MATERIAL PROVIDED >>
• • •

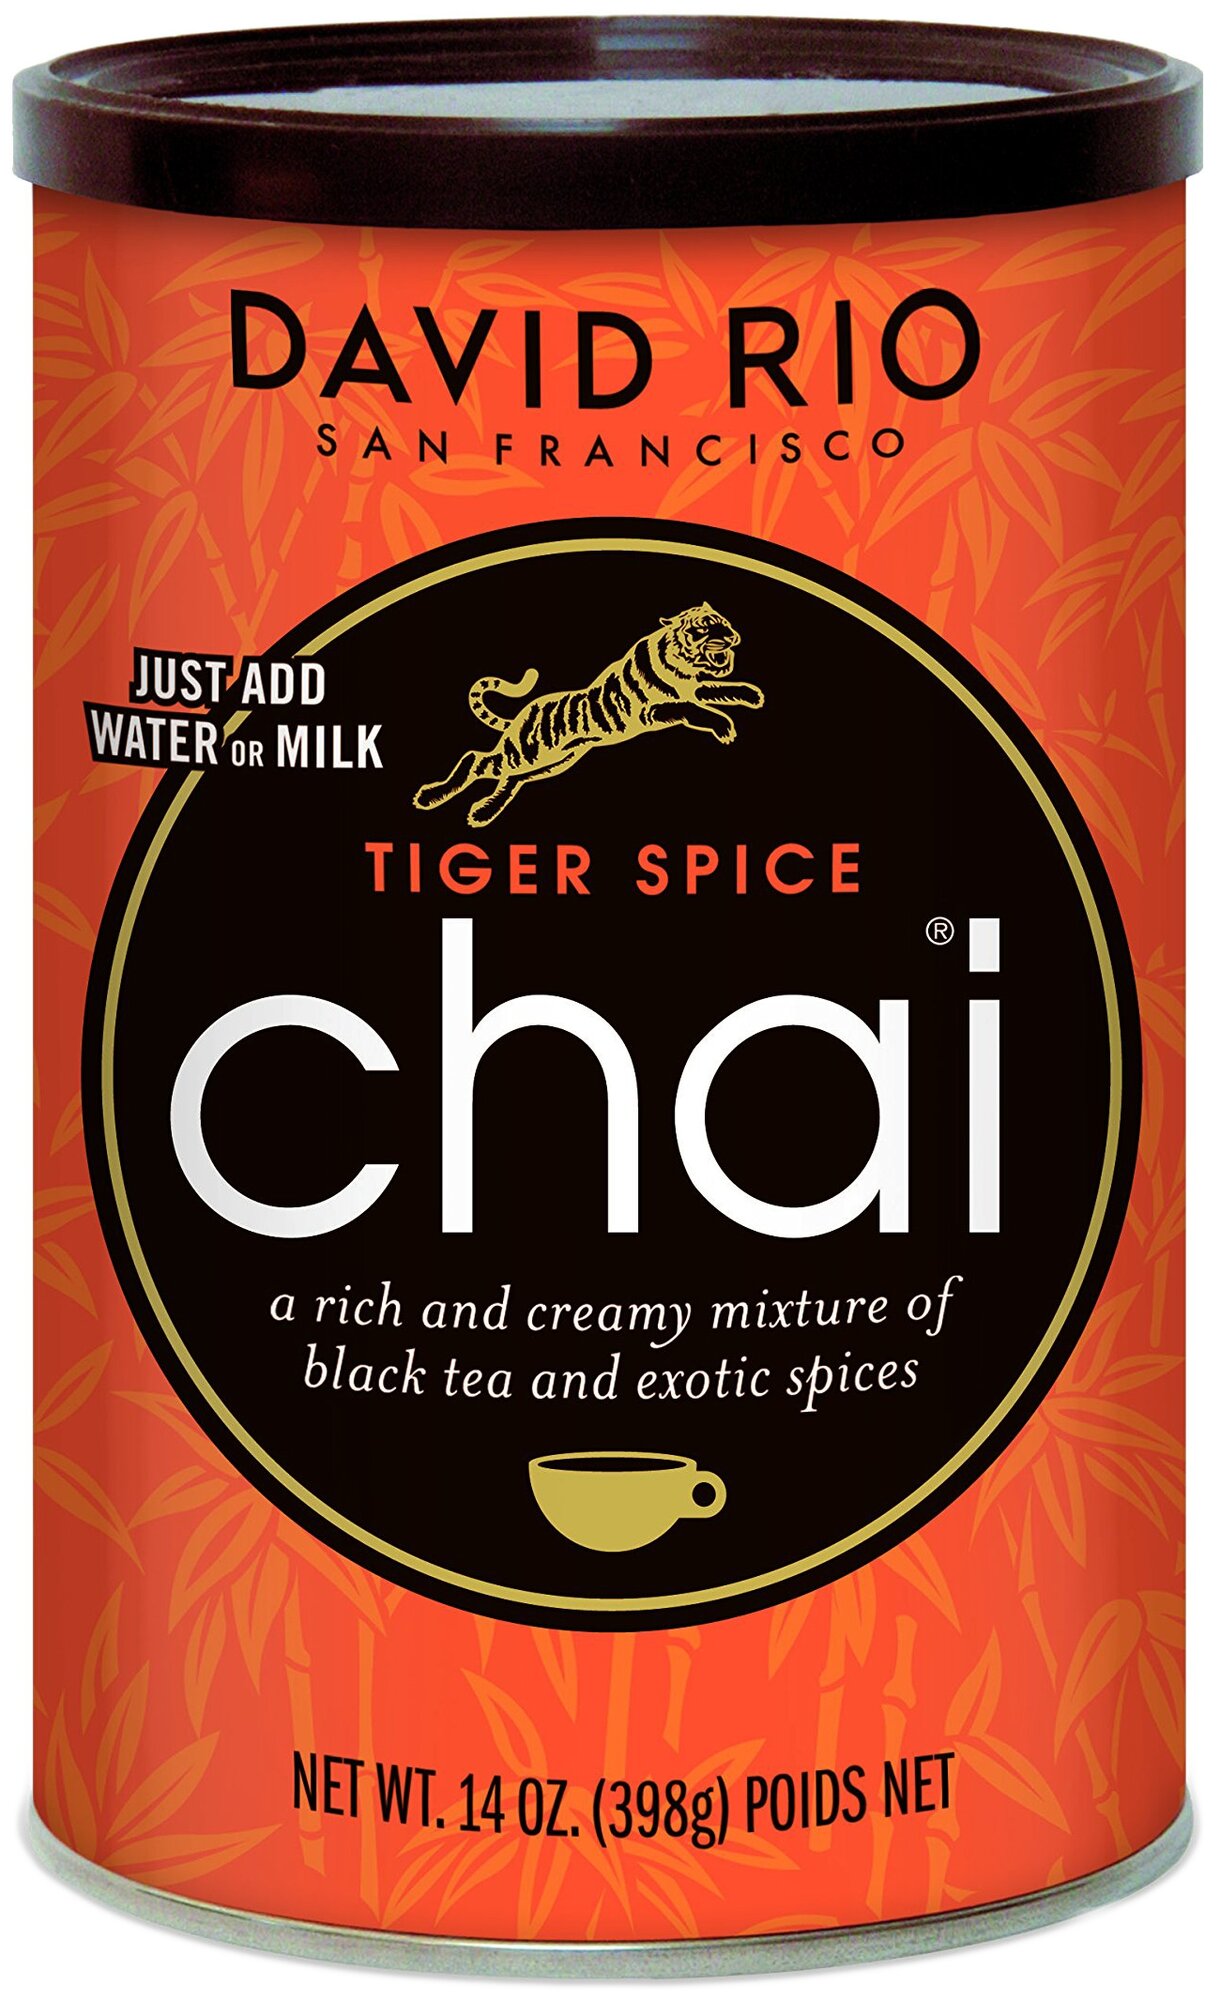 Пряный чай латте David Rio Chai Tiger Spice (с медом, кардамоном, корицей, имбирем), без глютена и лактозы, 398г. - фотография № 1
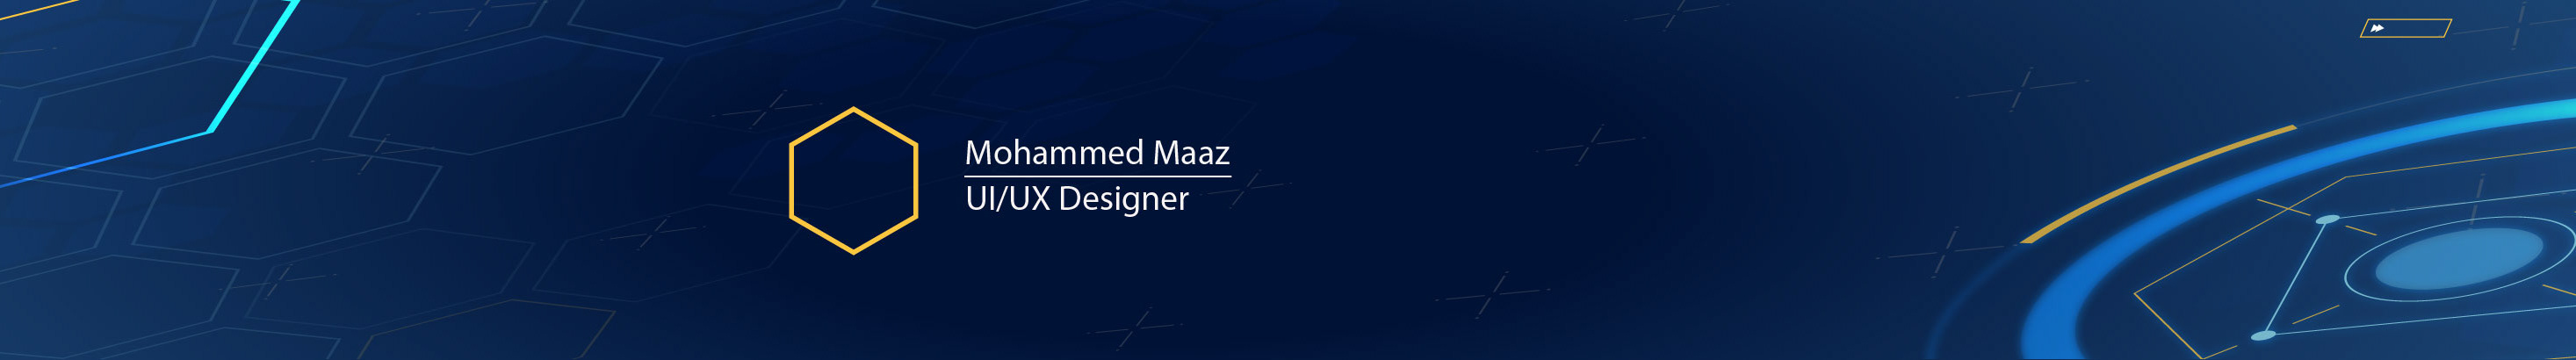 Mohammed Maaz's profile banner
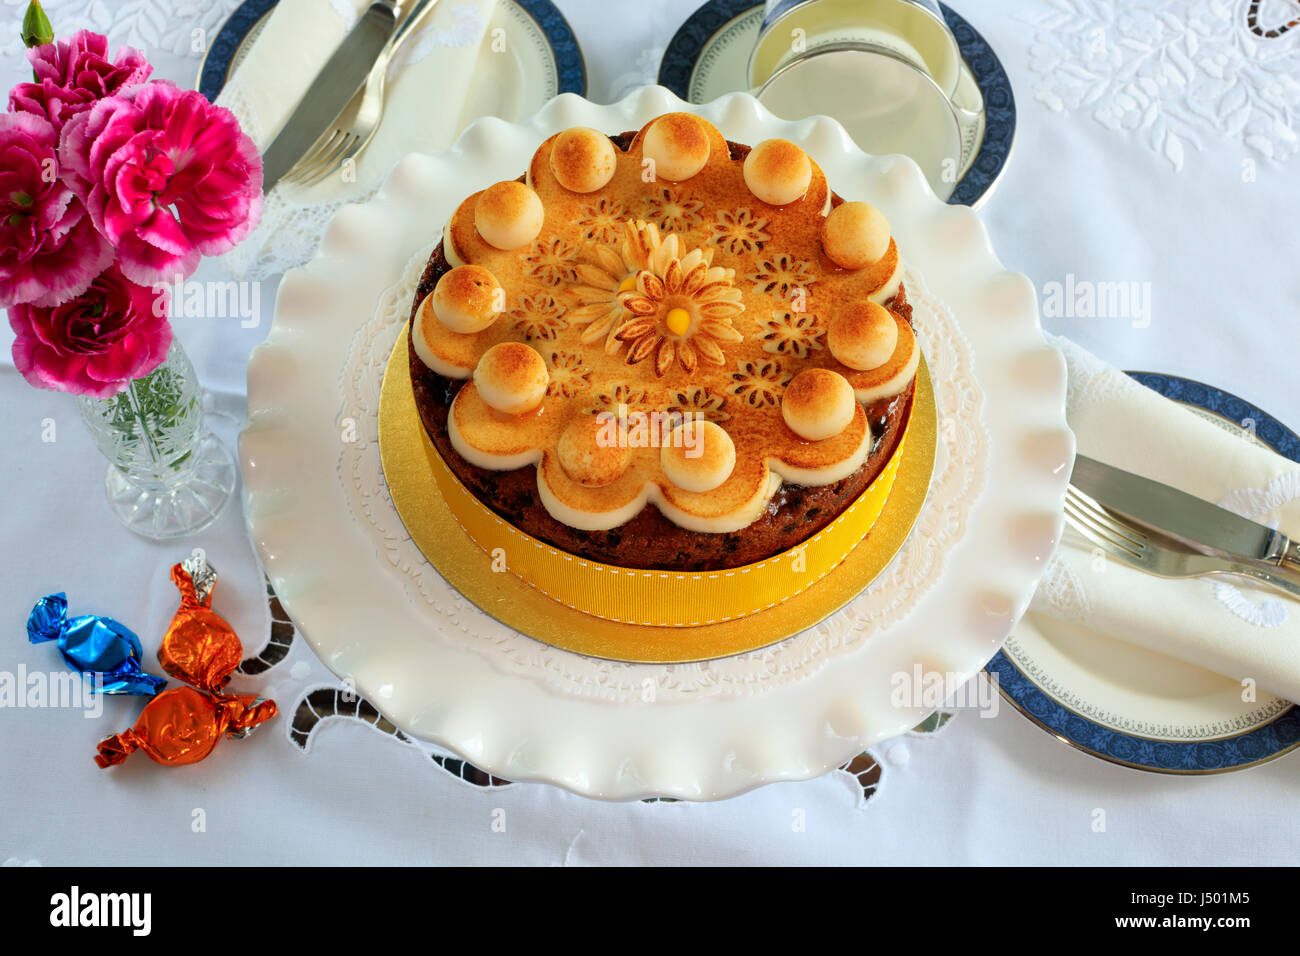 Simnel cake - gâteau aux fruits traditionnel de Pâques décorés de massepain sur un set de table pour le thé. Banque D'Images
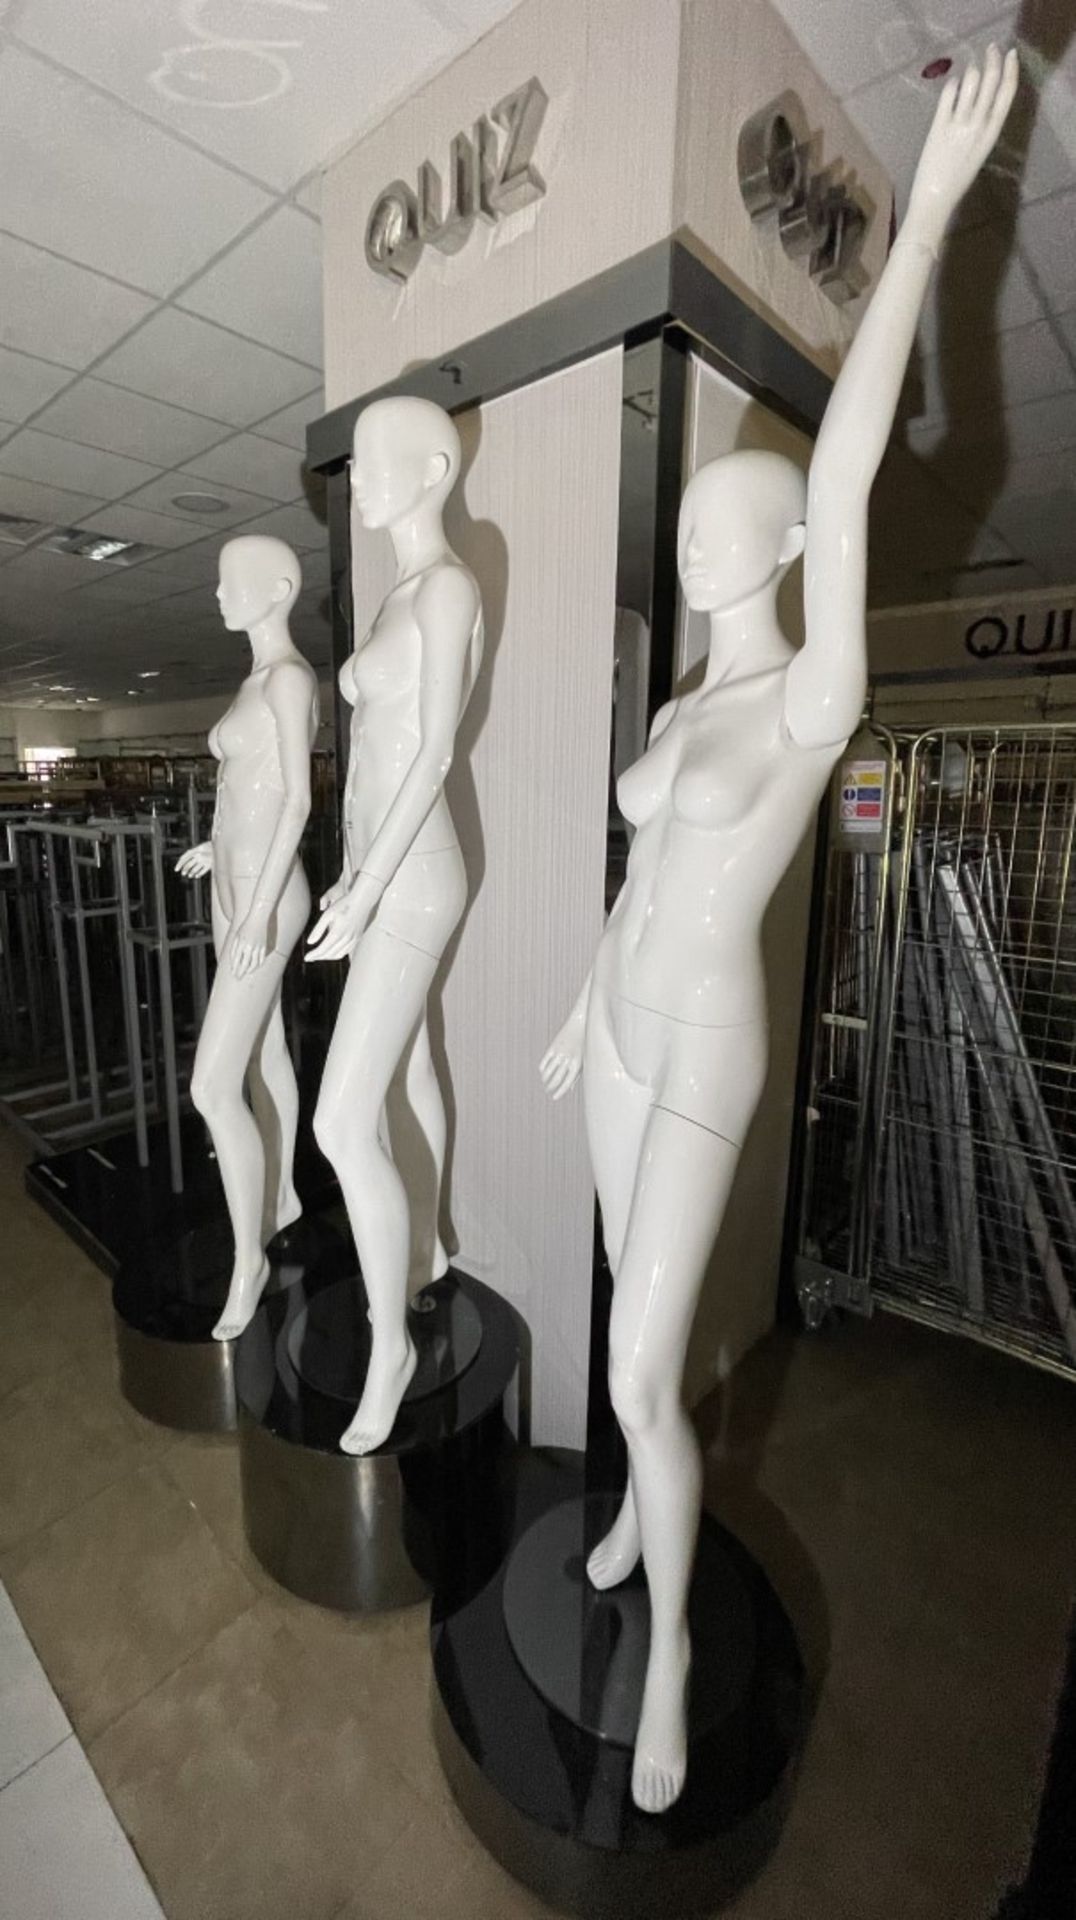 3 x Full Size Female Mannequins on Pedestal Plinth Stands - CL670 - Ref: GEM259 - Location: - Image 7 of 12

• • •

Omit the pictures and print the listing exactly.

ANSWER >>
 Пряный чай латте David Rio Chai Tiger Spice (с медом, кардамоном, корицей, имбирем), без глютена и лактозы, 398г. - фотография № 1
 Mohammed Maaz's profile banner
 Simnel cake - gâteau aux fruits traditionnel de Pâques décorés de massepain sur un set de table pour le thé. Banque D'Images
 3 x Full Size Female Mannequins on Pedestal Plinth Stands - CL670 - Ref: GEM259 - Location: - Image 7 of 12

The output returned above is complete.